2 Aim #2: What and where is the Holy Land? The Holy Land is a region of the Middle East that includes modern-day Israel-Palestine, western Jordan, and parts of southern Lebanon and southwestern Syria. This area is called the Holy Land because events important to followers of Judaism, Christianity, and Islam took place here. Jerusalem is the most important city in the Holy Land. Today, because of its importance for each of the religions, the city is divided into four quarters: the Jewish Quarter, the Muslim Quarter, the Christian Quarter, and the Armenian Quarter. Armenians are a Christian group originally from Western Asia. The Jewish, Muslim, and Christian Quarters contain holy sites that are sacred to their faiths. What would be the positive effects of living in a city of diverse belief systems? What would be the negative effects of living in a city of diverse belief systems? Historic and Geographic Context: Who controlled the Holy Land? When? Directions: 1. On each map, identify and circle the Holy Land. 2. The histories of Judaism, Christianity, and Islam are all related to the Holy Land. Complete the questions to see when each of those faiths controlled the area and how political control of the Holy Land changed leading up to the First Crusade in 1095 CE.

3 The Kingdom of Judah According to the Hebrew Bible, which is disputed by historians, the Kingdom of Judah ruled Jerusalem and the area around it in 830 BCE. According to the Hebrew Bible, the people in this kingdom were Jewish. They practiced monotheism and worshiped the god that modern followers of Judaism worship. 1. Which states were in control of the Holy Land at this time? 2. Based on the text above and map to the left, what belief system was endorsed by the state that ruled Jerusalem in 830 BCE? Roman Control of the Holy Land The map below shows the Roman Empire at its greatest extent. The empire s land in the Middle East included the Holy Land, at the time known as the Province of Judea. For most of the Roman Empire s existence, the emperors were polytheistic and enforced the worship of their gods throughout the areas they ruled. The Jewish people who lived in Judea refused to worship Roman gods because they were monotheistic. This tension and disagreements over taxation led to series of wars that resulted in the destruction of the Second Jewish Temple in Jerusalem in 70 CE and forced Jewish people to leave the Holy Land and other parts of the Roman Empire for fear of persecution. Afterwards, the province was known as Palestine, not Judea. After the death of Jesus of Nazareth, Christianity spread throughout the Roman Empire. Like Jewish people, Christians were persecuted by the Romans, but over the course of hundreds of years its popularity overcame the persecution and the empire adopted Christianity as the only authorized religion in 380 CE. 1. Based on the text and map, what belief system was endorsed by the state that ruled the Holy Land during this time? 2. What changed in the Holy Land after the Kingdom of Judah?
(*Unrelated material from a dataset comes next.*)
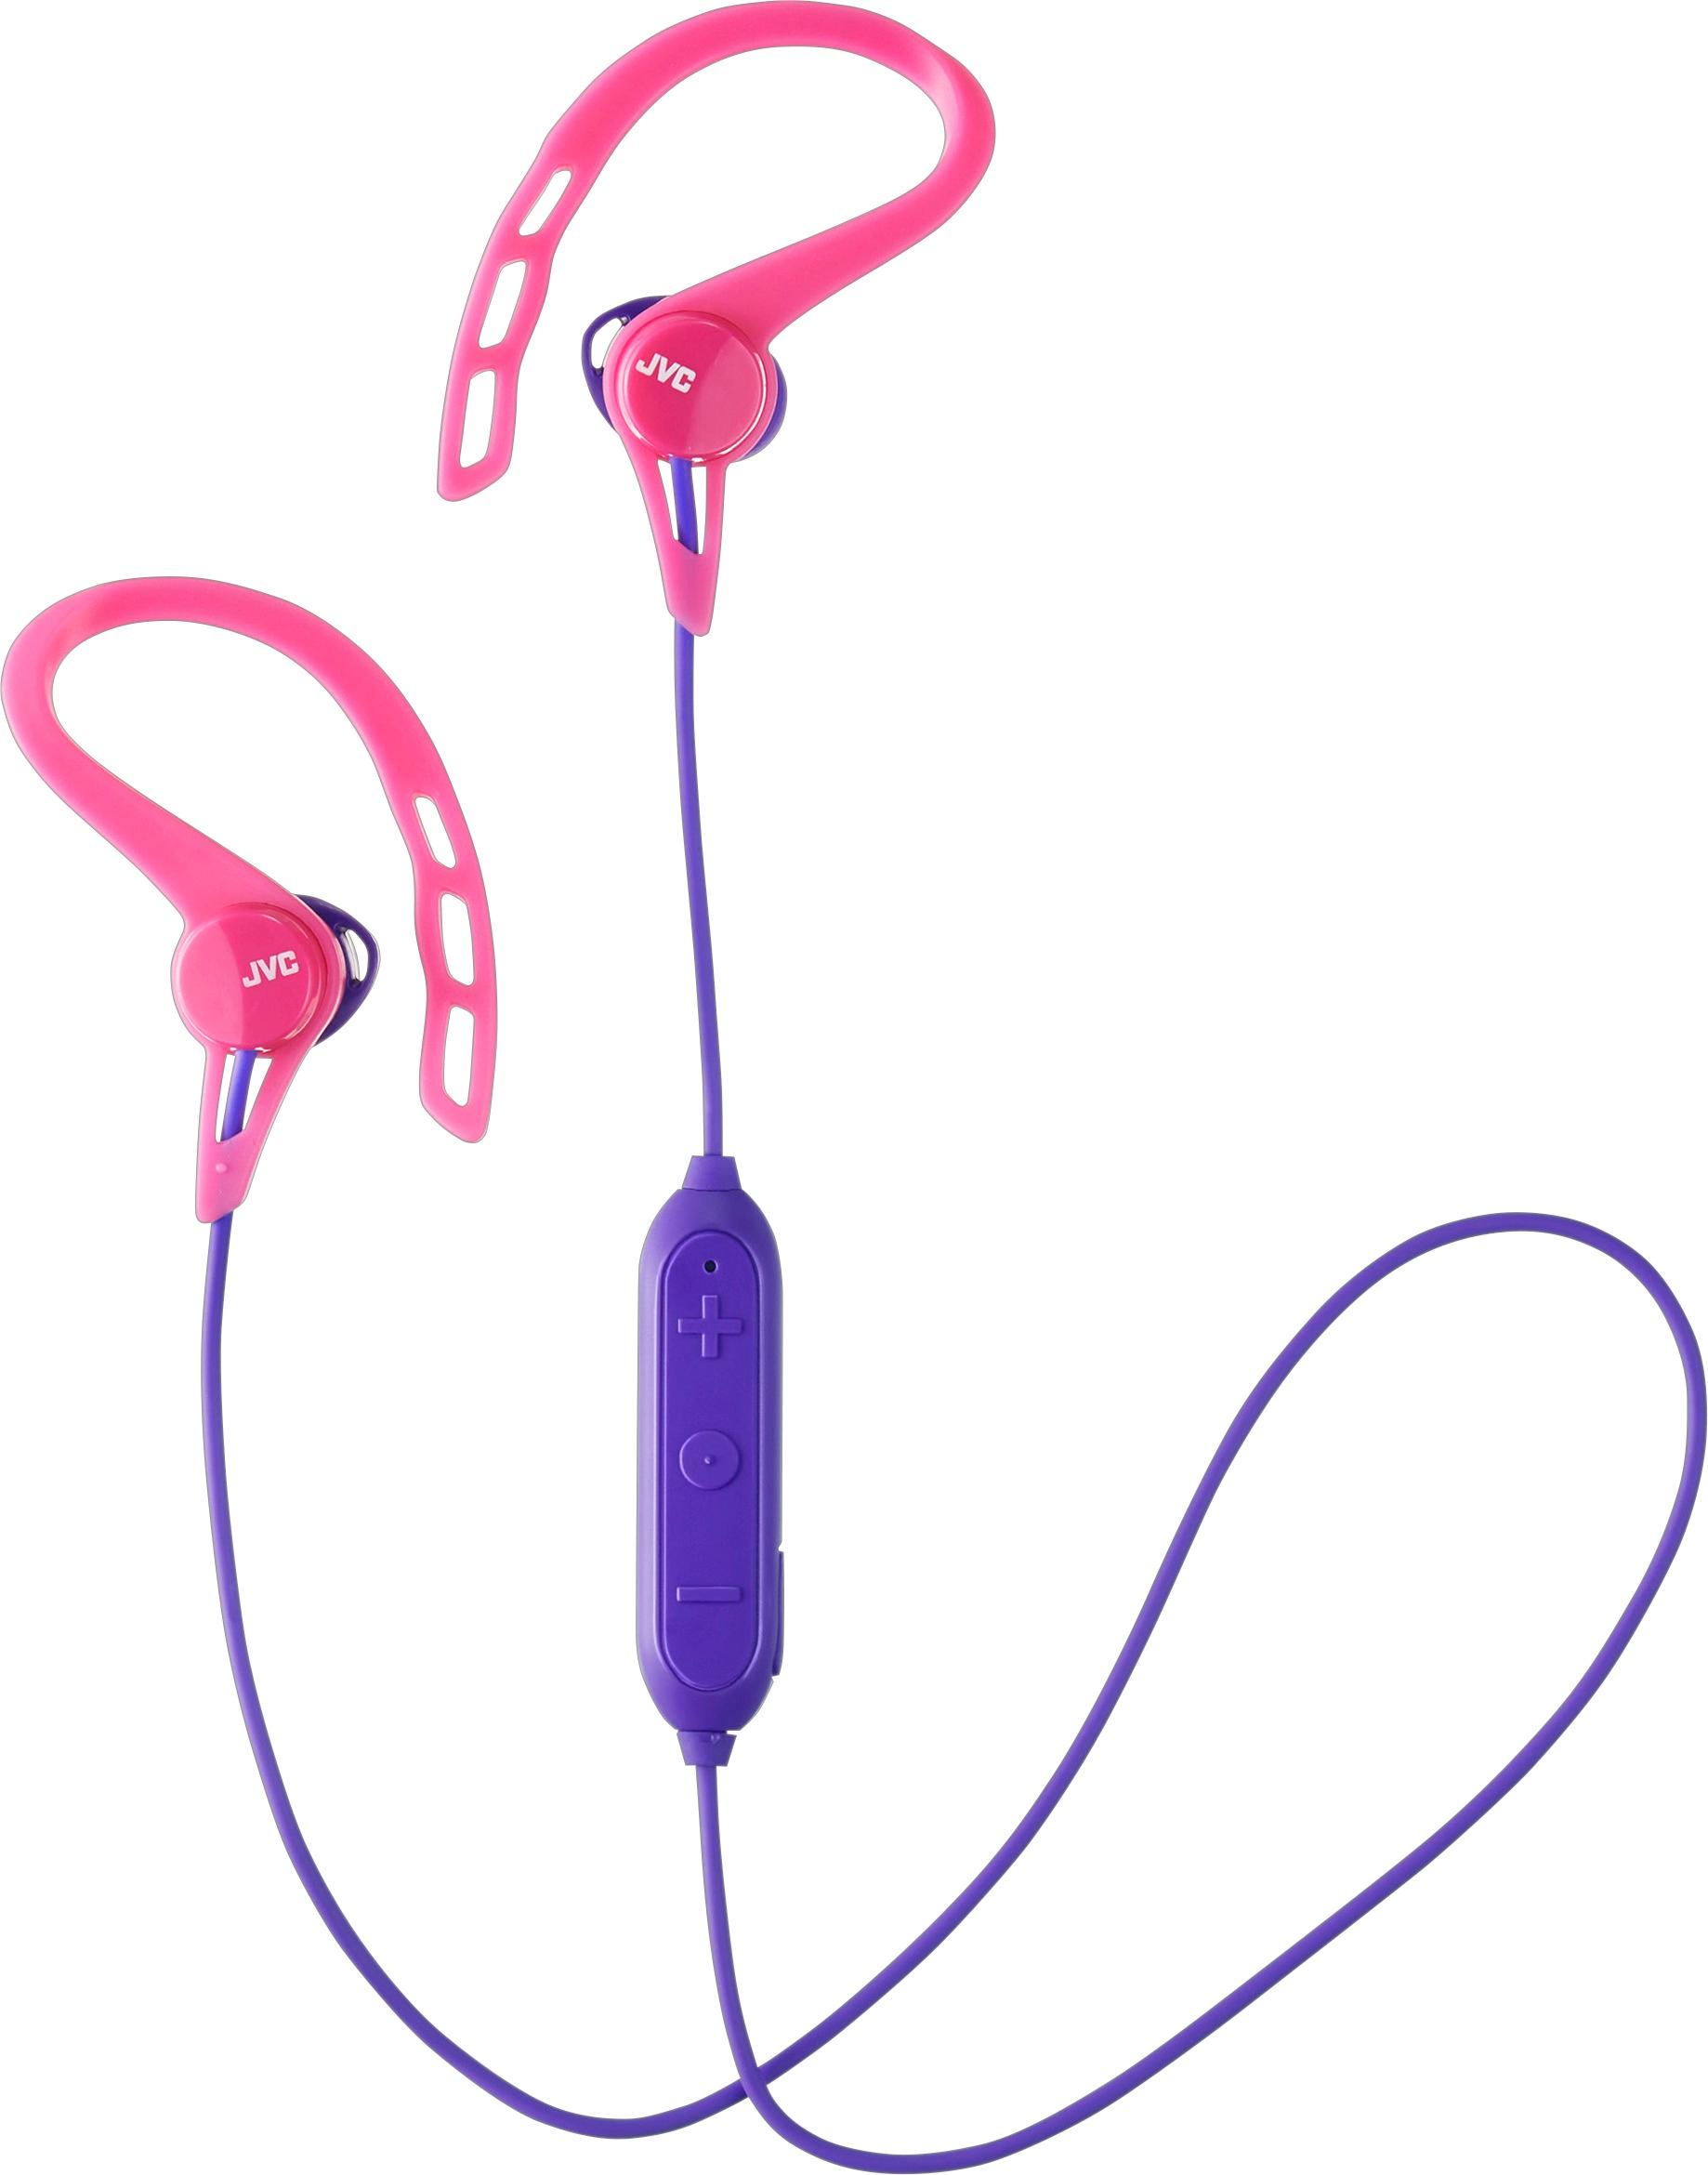 JVC - HA EC20BT Wireless In-Ear Headphones (iOS) - Pink was $39.99 now $25.99 (35.0% off)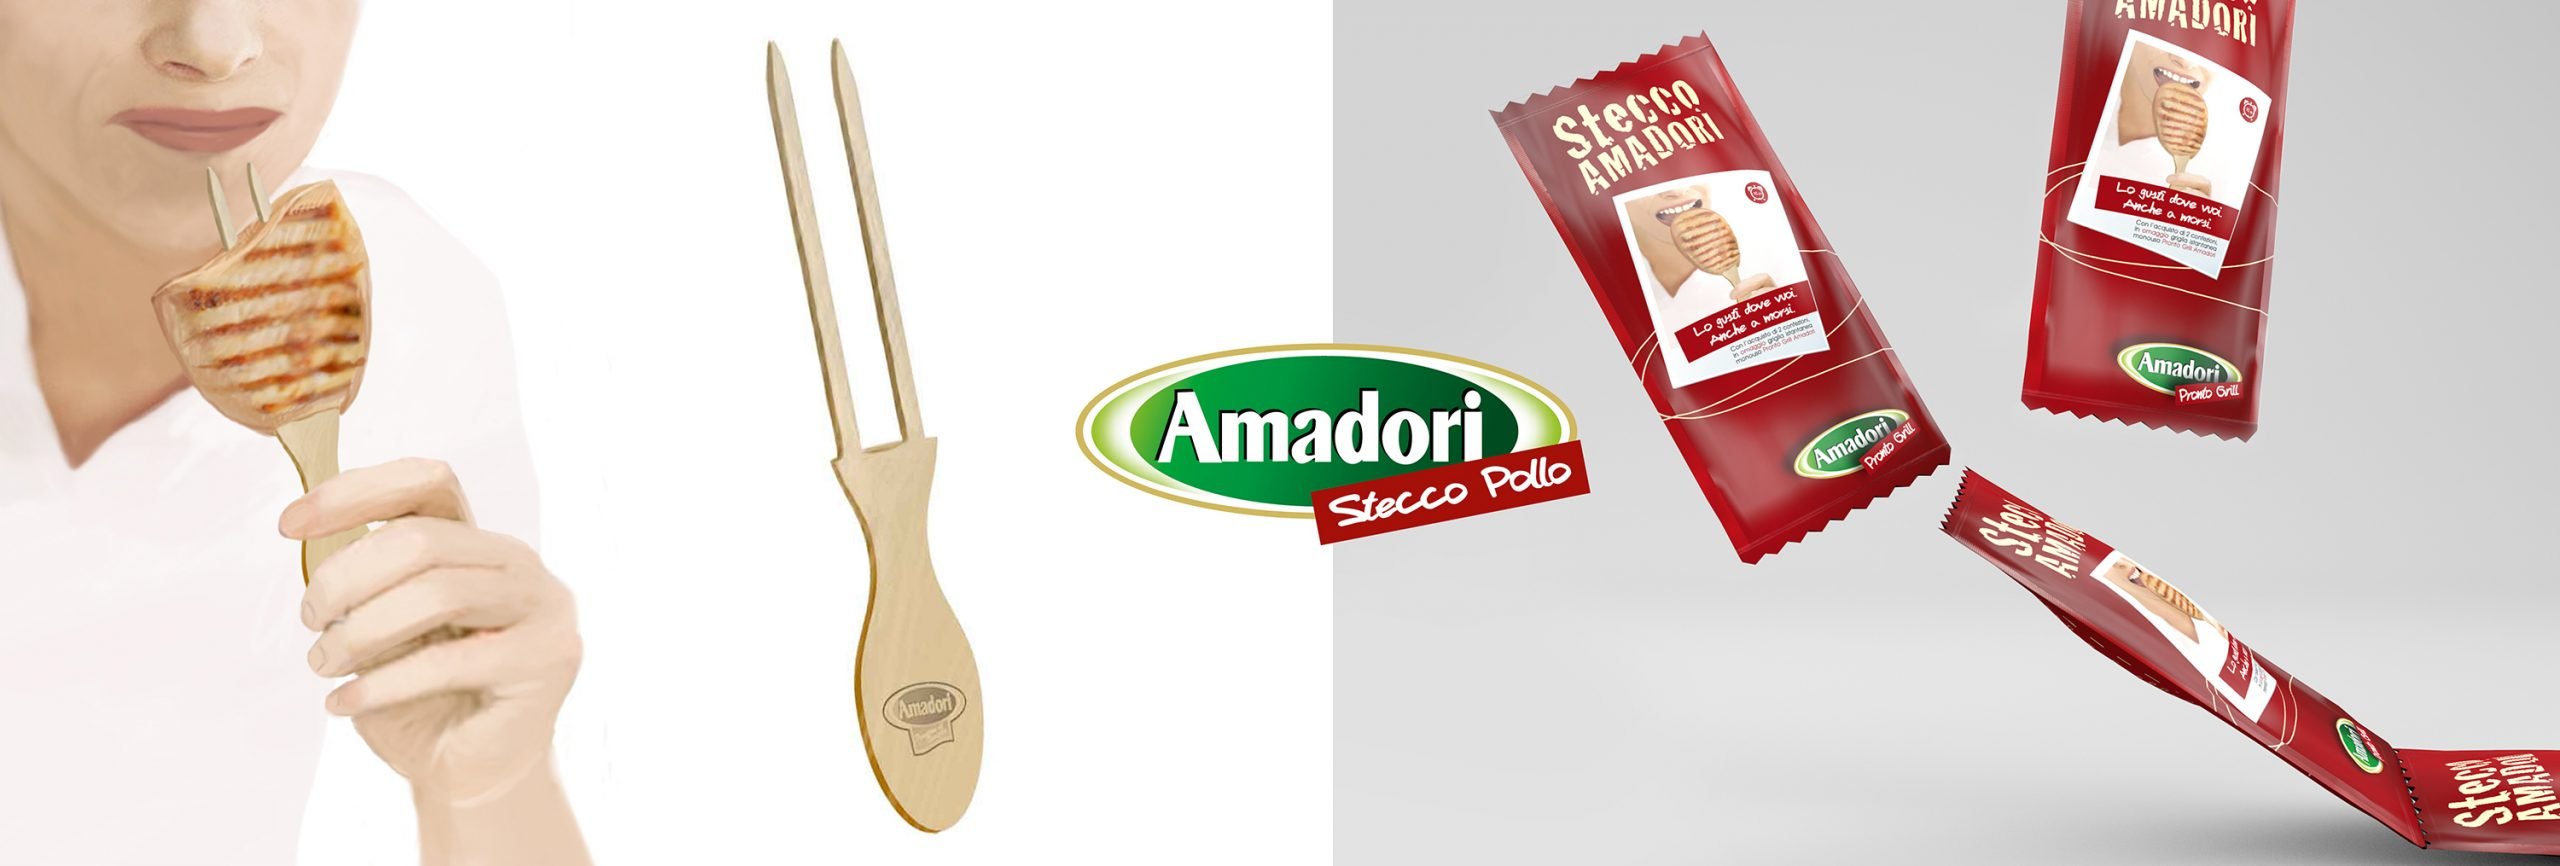 Branding e product design per Amadori: Stecco Pollo

How might this have affected relationships between Jewish people and Christians?

4 Byzantine Control of the Holy Land After the Western and Eastern halves of the Roman Empire were split in 285 CE, the eastern half became known as the Byzantine Empire. This map shows the Byzantine Empire at its height 550 CE, after the fall of the Western Roman Empire. The Byzantines were Christian, but in 1054 they split from the Roman Catholic Church to create the Eastern Orthodox Church which does not recognize the Pope as the leader of the religion. Most Christians in Eastern Europe are still a part of the Eastern Orthodox Church today. 1. Based on the text and map, what belief system was endorsed by the state that ruled the Holy Land during this time? 2. What changed in the Holy Land since the Roman Empire? How might this have affected relationships between Jewish people, Roman Catholic Christians, and Eastern Orthodox Christians? Rise of Islam and the Islamic Caliphates First under the leadership of Muhammad, the founder of Islam and later by other Caliphs that led the Islamic community, the region under Muslim rule grew from modern-day Saudi Arabia to include all of North Africa, the Iberian Peninsula (modern day Portugal and Spain), and southwestern Asia. The Byzantine Empire lost control of much of the Middle East include the Holy Land which was surrendered to the Rashidun Caliphate in 637 CE after a six-month siege of Jerusalem. Though ruled by different groups of Muslims, the Holy Land was in Islamic control until the First Crusade. The Muslims allowed Jewish people to live in and practice their religion in Jerusalem after being persecuted by the Byzantines. 1. Based on the text and map, what was belief system was endorsed by the state that ruled the Holy Land in 750 CE? 2. What changed in the Holy Land since the Byzantine Empire? How might this have affected relationships between Jewish people, Roman Catholic Christians, Eastern Orthodox Christians, and Muslims?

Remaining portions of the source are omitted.